Снова одна за другой хлопнули двери. Слышно было, как в прихожей, откашливаясь, кто-то обстукивает валенки. Острецов и Черевичный переглянулись: он!
Переступив порог, Фокей Нилыч Азовсков никому не подал руки, только кивнул и начал засовывать варежки в карман полушубка. Косо, из-под вздернутой брови повел на Черевичного глазом:
– Звали?
– Звал. Как съездилось в город? Здоровье как?
– Что ты, Алексей Тарасыч, издалека, с задов заходишь? – Азовсков, шурша промерзшим полушубком, опустился на стул. – Говори напрямки.

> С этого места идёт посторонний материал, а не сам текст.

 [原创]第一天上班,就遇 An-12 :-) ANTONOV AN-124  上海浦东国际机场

Черевичный вспомнил глуховатый, простуженный голос секретаря обкома в телефонной трубке: «Разберитесь объективно. Заслуженный человек, ветеран войны, зачем же – под крылья сразу...» А уже разбирались, уже увещевали, уже наказывали, хотя и строго, но объективно, доброжелательно. Вместо того, чтобы успокоиться, осознать ошибки, он к вам, в обком, поехал. А теперь вот лишь из-за него пришлось крюк почти в сто верст делать.

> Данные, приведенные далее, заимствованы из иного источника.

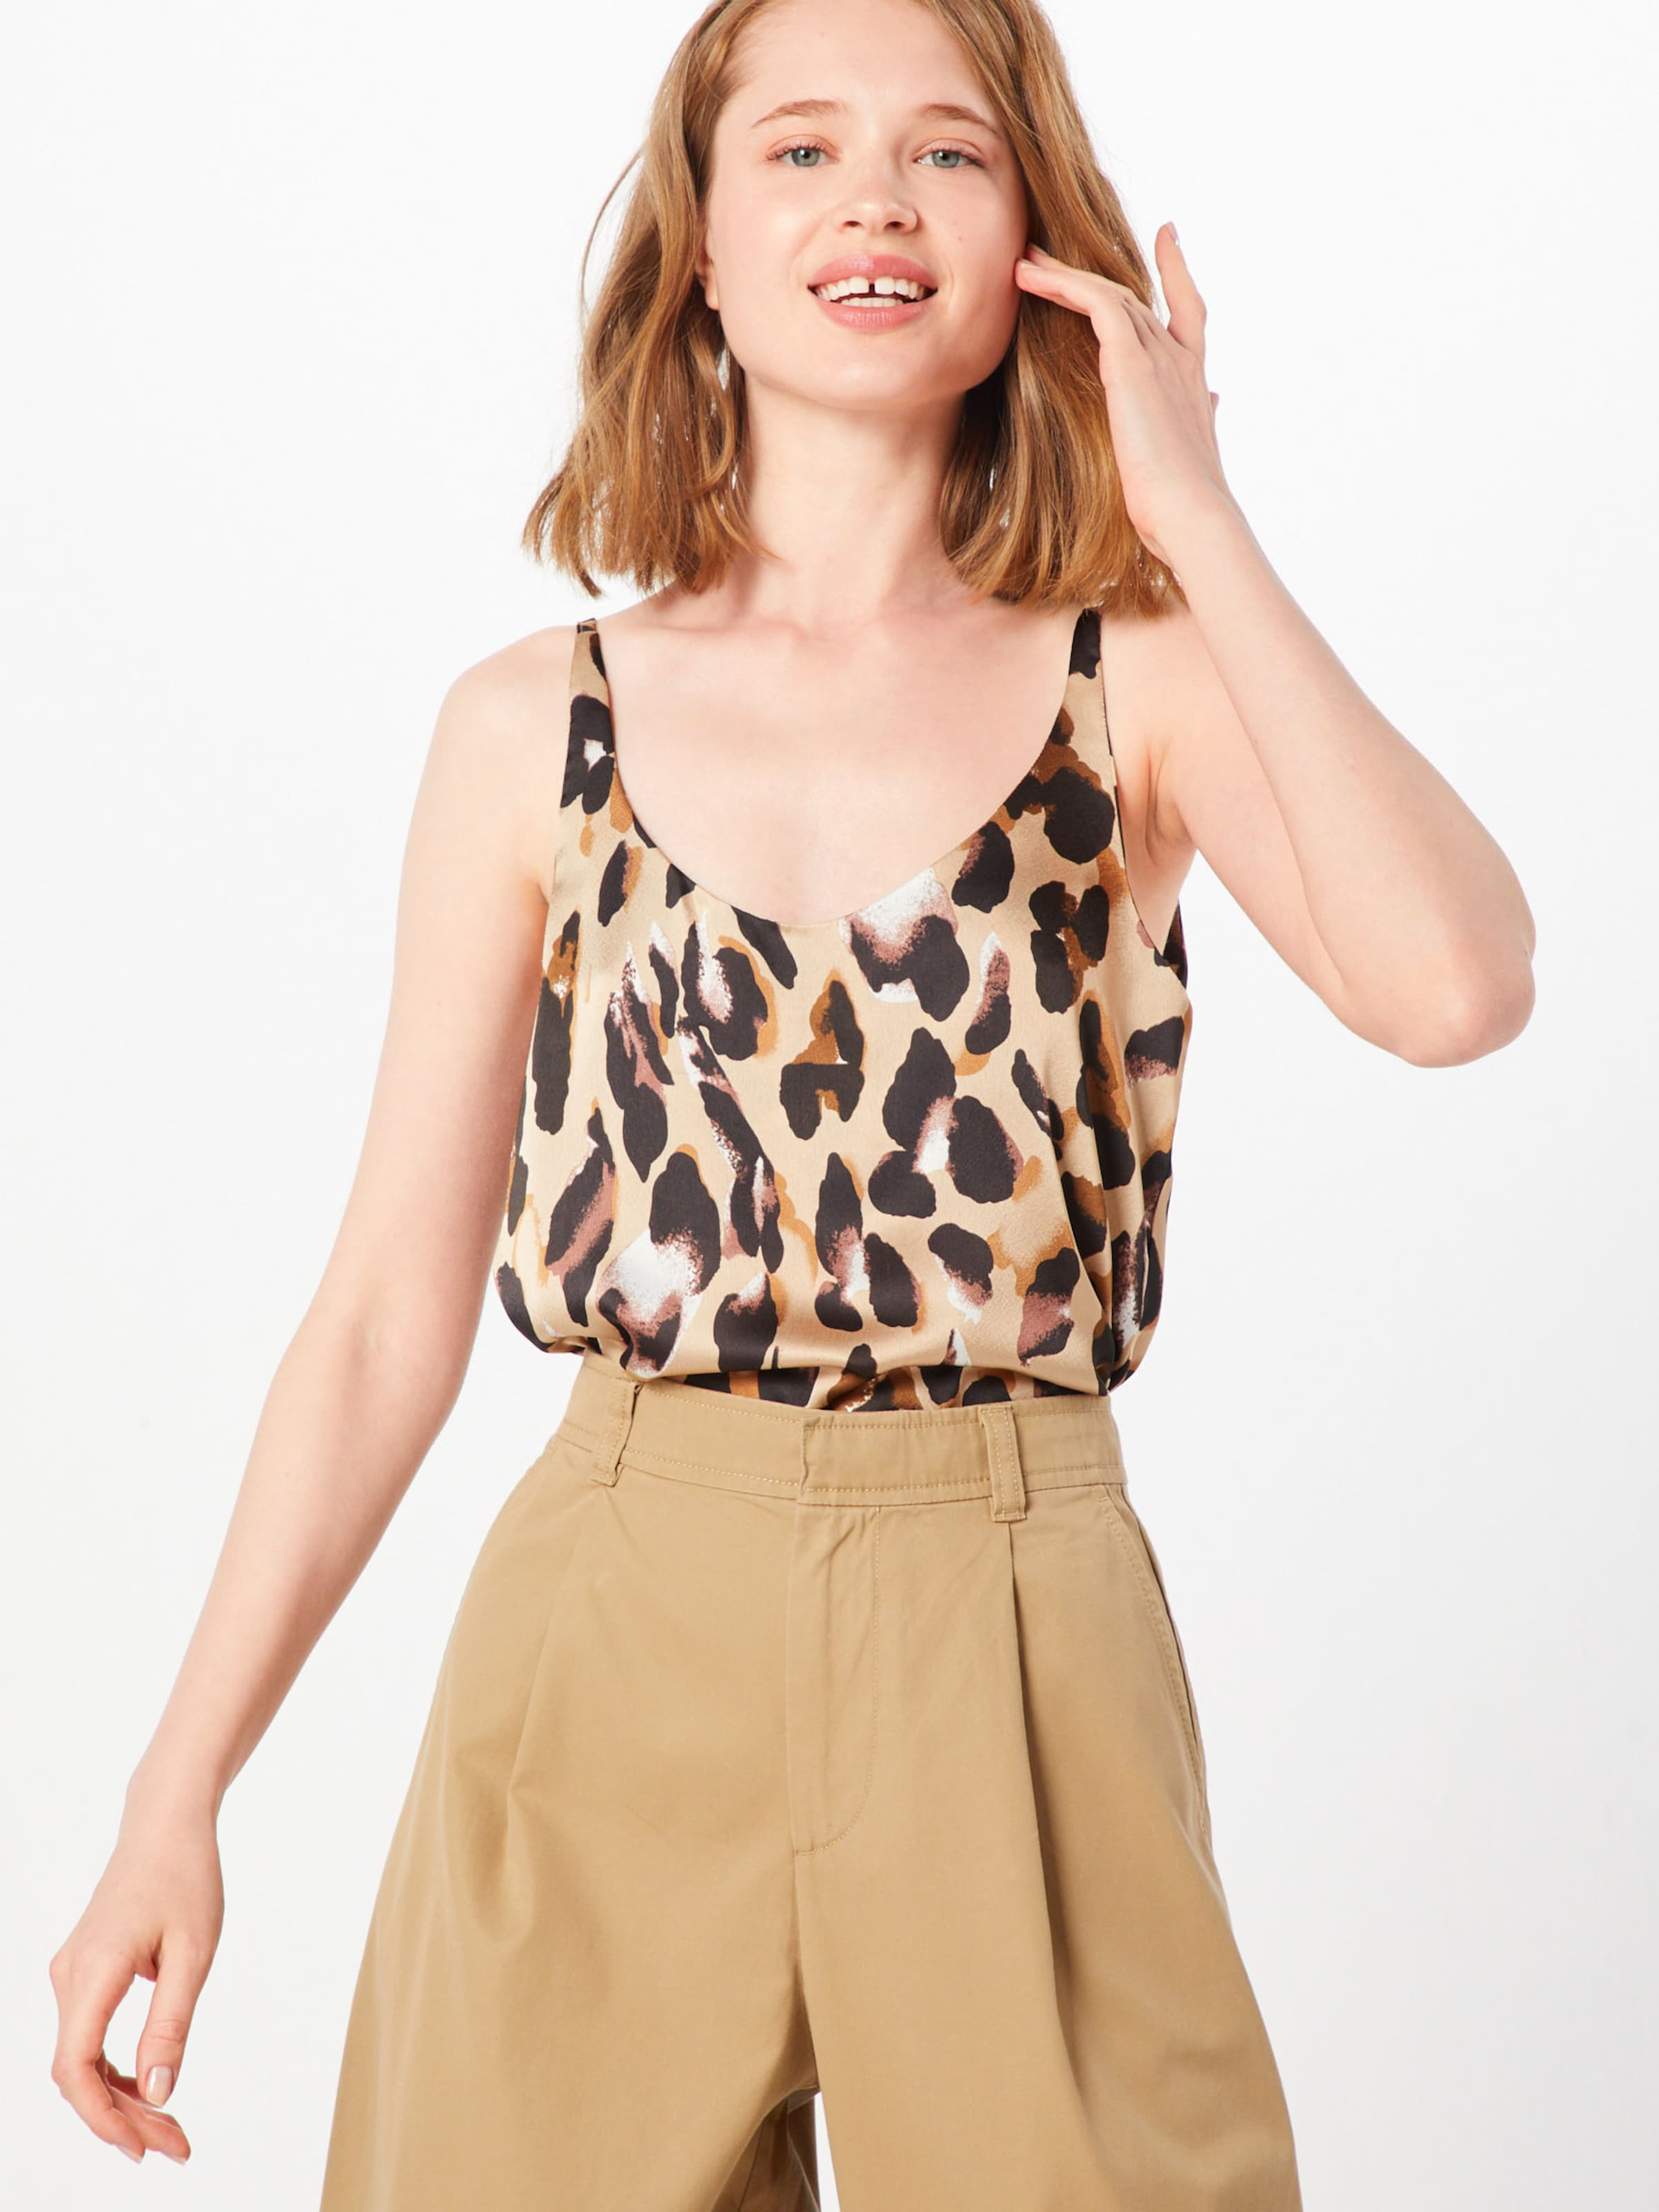 En Cami' Haut 'leopard Boohoo BeigeNoir dQrWCexBEo

– Напрямки, говоришь, Фокей Нилыч? – Черевичный подошел к окну, словно в черном стекле хотел увидеть свое отражение. Увидел только силуэт широкоплечего, по-юношески подтянутого человека да залысины над лбом. Обернулся к Азовскову. – Скажу напрямки. Ну, чего тебе не хватает, дорогой Фокей Нилыч? Тебе мало выговора?
– Выговор не по адресу попал. Сдается мне, выговор вот ему полагается, – качнул Азовсков головой в сторону Острецова.

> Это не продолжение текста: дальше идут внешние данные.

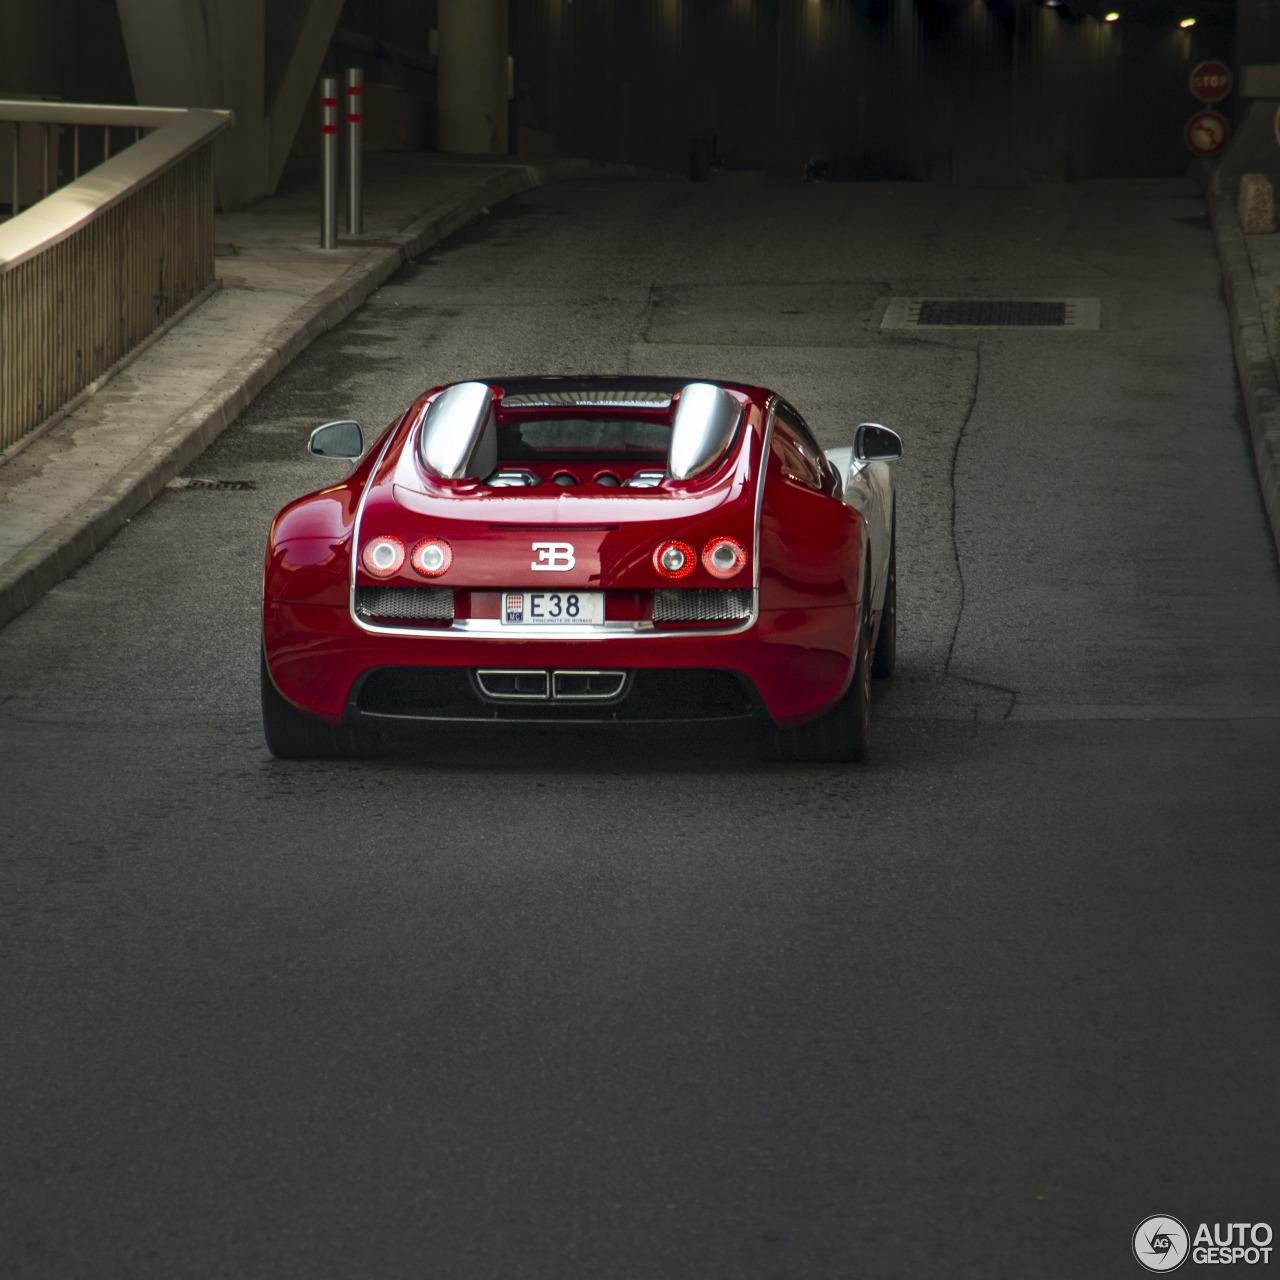 Bugatti Veyron 16 4 Grand Sport Vitesse: Bugatti Veyron 16.4 Grand Sport Vitesse
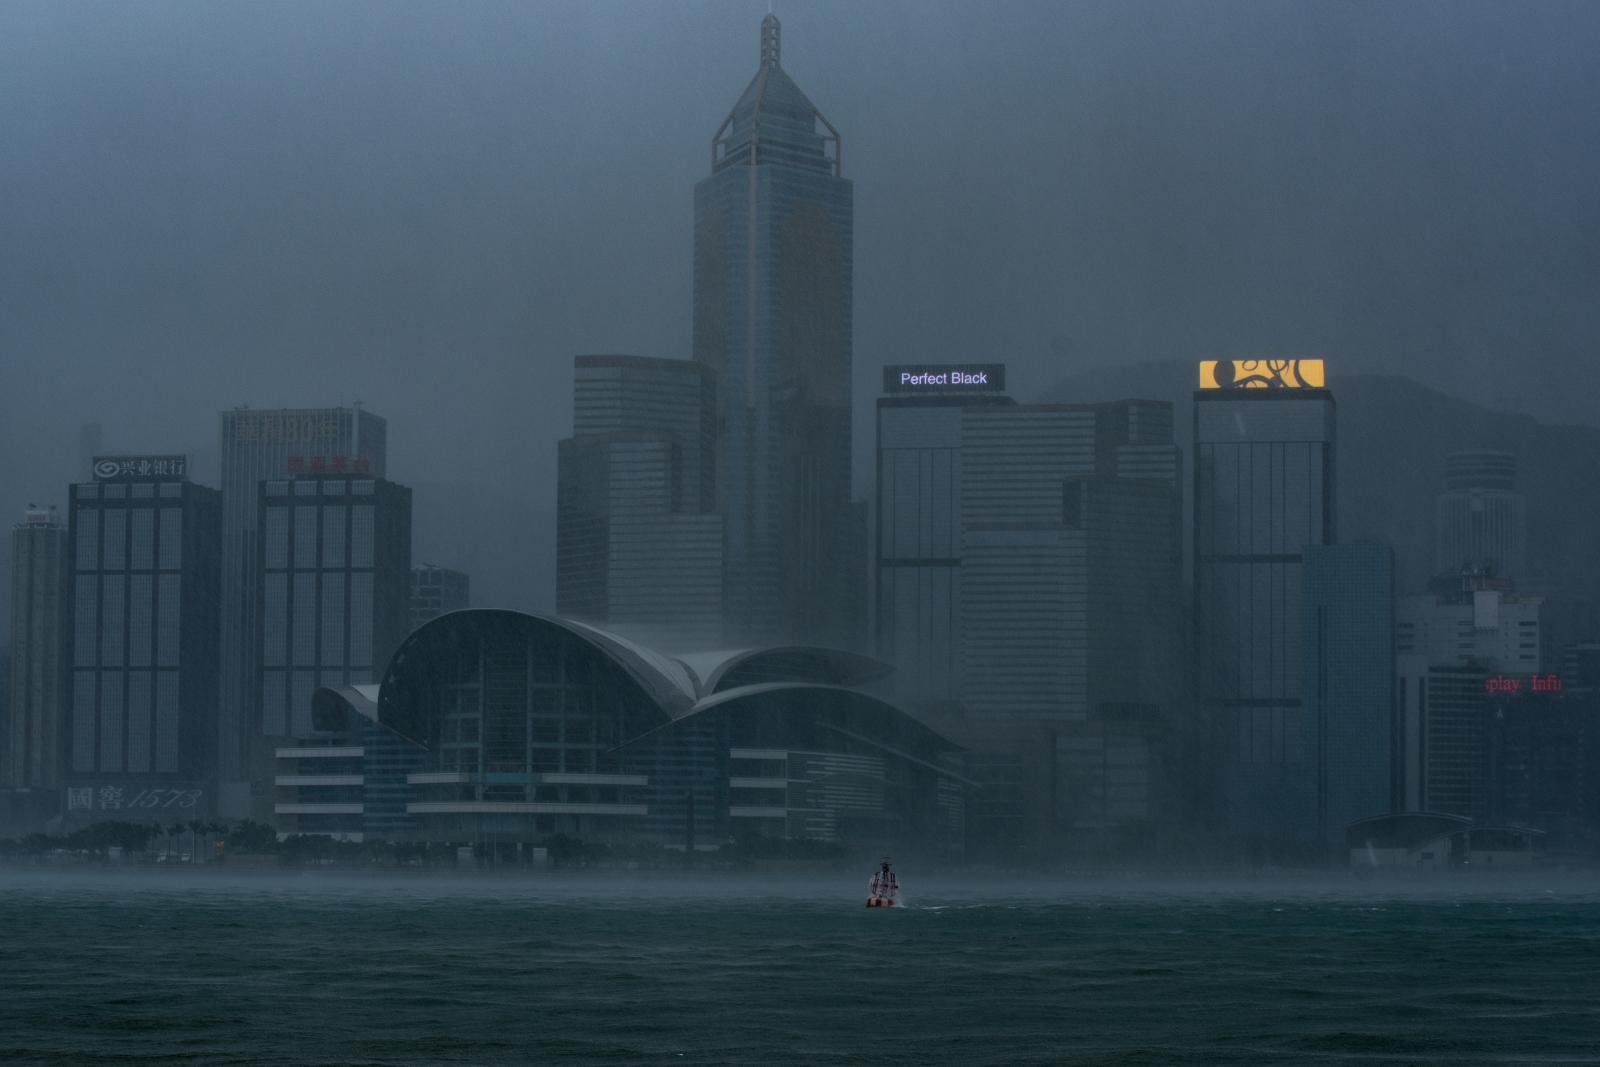 """ฮ่องกงยกระดับเตือนภัยสูงสุด หลังไต้ฝุ่น """"มังคุด"""" มุ่งหน้าสู่จีน"""

– Значит ты, дорогуша мой, ты, Фокей Нилыч, остаешься на прежних позициях? Значит, ты против линии партии на развитие критики и самокритики?
Азовсков отвернулся от Черевичного. Снял шапку, погладил бритый череп.
– Не знаю, секретарь, как насчет линии, ты грамотнее меня; у тебя я и значок университетский видал... Только, сдается мне, линию партии ты подменяешь линией эдаких острозубых, как вот он, Владислав преподобный...
Черевичный шагнул к ним.
– Давайте забудем, что было. Забудем! Протяните друг другу руки – и квиты. Вам вместе жить, вместе работать. Одно общее дело у всех у нас, и не стоит нам один другому кровь портить. Ведь на мелочи, дорогуши мои, размениваемся, на мелочи! Помиритесь – и все!
Владислав встал, дружелюбно взглянул на Азовскова:
– Я – охотно. Я никогда не желал зла Фокею Нилычу.
Азовсков тяжело поднялся, натянул на большую бритую голову шапку и стал вытаскивать из карманов вязаные варежки. Вздохнул:
– Ни черта вы меня, сдается, не поняли! Ровно я об себе пекусь, ровно, моя думка – о личной шкуре.
Не попрощавшись, ушел своей неторопливой походкой.
– До чего трудный человек! – в сердцах сказал Черевичный и, глядя на Острецова, снял с вешалки полушубок. – Попробуй такого бодливого перевоспитать. Вижу, хлопот он нам еще подкинет.
– Алексей Тарасович, может, ко мне на чашку чая?
– Чаю? Неплохо бы! Впрочем, через час дома буду. Спасибо. Ты не падай духом, Острецов. Поддержим! – Черевичный поискал в карманах ключ зажигания от машины, успокоился: – Думал, выронил в снег... Да, слушай, Острецов, что у тебя тут за история с комсомольцем Карнауховым?
«Все-таки и до него дошло! – мысленно чертыхнулся Владислав, чувствуя, что на лбу выступила испарина. – Наверное, Динкин муж пожаловался».
Владислав сказал, что Григория Карнаухова они завтра же разберут на комсомольском комитете, заставят навести порядок в быту. О результатах он, Владислав, сразу же позвонит товарищу Черевичному.
– О каком порядке ты говоришь, дорогой Острецов? – поморщился Черевичный, натягивая на голову пушистую ондатровую шапку. – До тебя приходил сюда этот комсомолец. Он говорит, что ты даже на свадьбу к нему отказался идти.
– Но ведь, Алексей Тарасович... Его же наказывать надо!
– За что?! – повернул Черевичный крупное лицо к Владиславу. – За любовь? Они же любят друг друга. Дай бог, чтобы побольше людей друг друга любили!
Вышли вместе. Черевичный сел в свой облепленный снегом «вездеход» и, будто прикипев к рулевой баранке, умчался.